In today’s briefing:
- Link REIT (823) – Anchors Aweigh! Fair Weather Sailing Ahead
- AAG Energy (2686 HK): Full-Year Results Lay Bare Xinjiang Xintai’s Low-Balled Offer
- AAG Energy (2686 HK): Solid Results Amplify the Risk of the NO Vote
- [Futu Holdings (FUTU US) Company Update]: Difference Assets Shield FUTU from the Fate of SVB
- CSI300 Index Rebalance Preview: Narrowing the Gap
- Smartkarma Corporate Webinar | Comba Telecom: Global Wireless Network Innovator and Developer
- Pre-IPO Shanghai Duoning Biotechnology – The Industry, the Business and the Concerns
- [Atour Lifestyle (ATAT US) Target Price Change]: Strong Recovery Bodes Well for 1Q23
- China Resources Beer Holdings (291 HK) – Target Achieved – 8.75% Profit in 15 Trading Days
Link REIT (823) – Anchors Aweigh! Fair Weather Sailing Ahead
- The Link REIT (823 HK) rights offering caused some upset amongst investors. They got dilution where they did not need it, and de-leveraging from a REIT wanting to invest.

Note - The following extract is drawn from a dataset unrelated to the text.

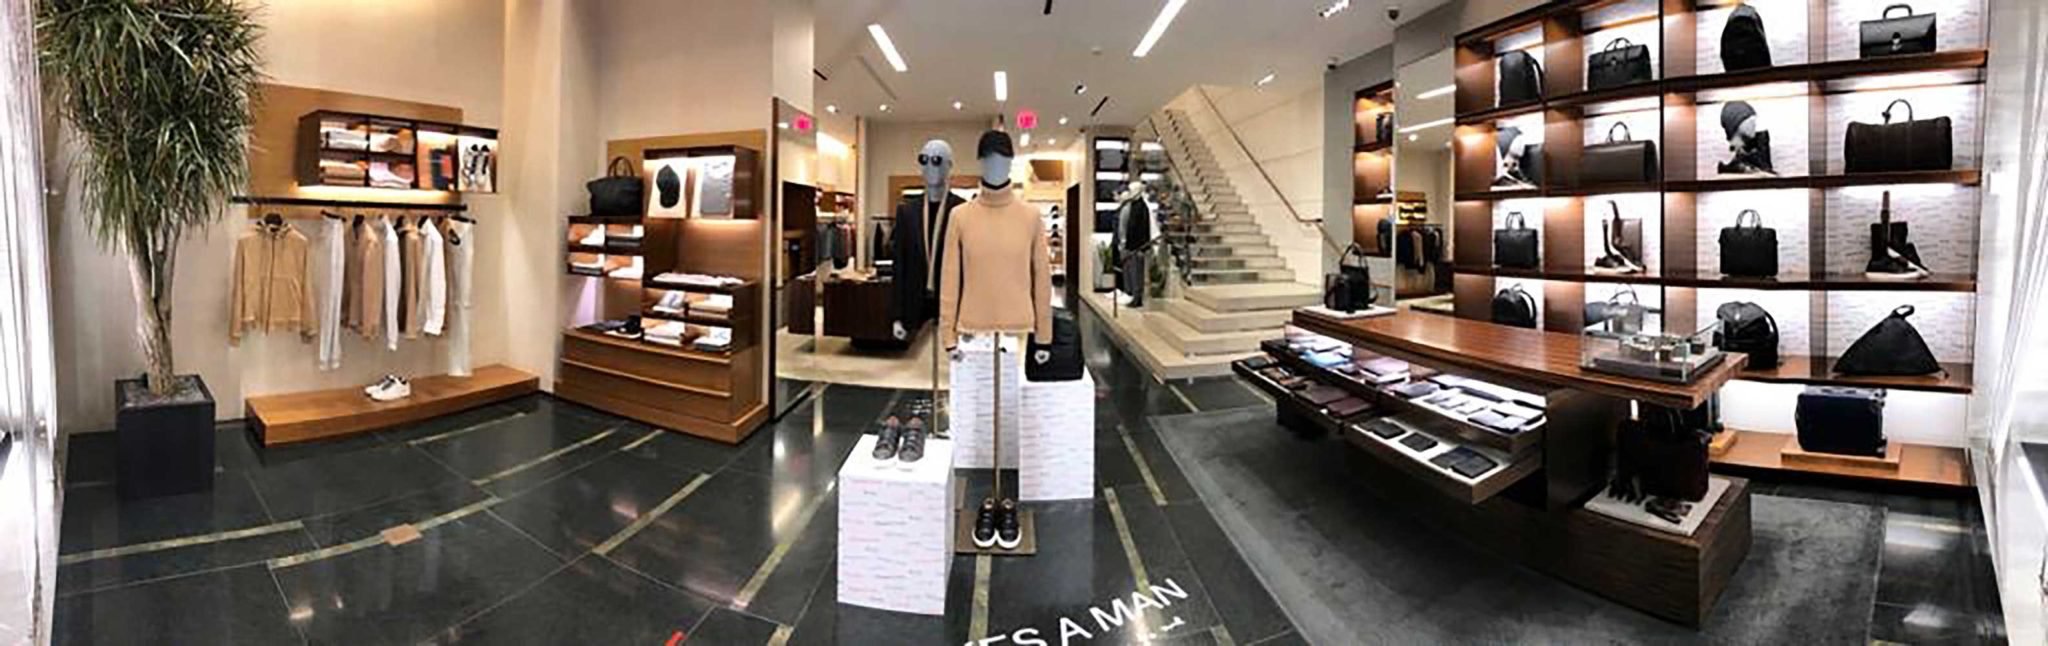 Zegna Opens a Global Store on Rodeo - DuJour

- The units fell in price, then fell some more. Then the rights started trading.
- Last week in Link REIT (823) – Nil Paid Rights Start Trading Tomorrow – The Trades I said strategy was to be long by Tuesday or Wednesday. It’s Wednesday.
AAG Energy (2686 HK): Full-Year Results Lay Bare Xinjiang Xintai’s Low-Balled Offer
- On the 17 February, AAG Energy Holdings (2686 HK) announced an Offer of HK$1.85/share (declared final) by way of a Scheme from major shareholder Xinjiang Xintai Natural Gas (603393 CH).
- At a 10.1% premium to undisturbed and just a 2.2% premium over the highest closing price of HK$1.81/share in the past year, the Consideration price was unreasonable.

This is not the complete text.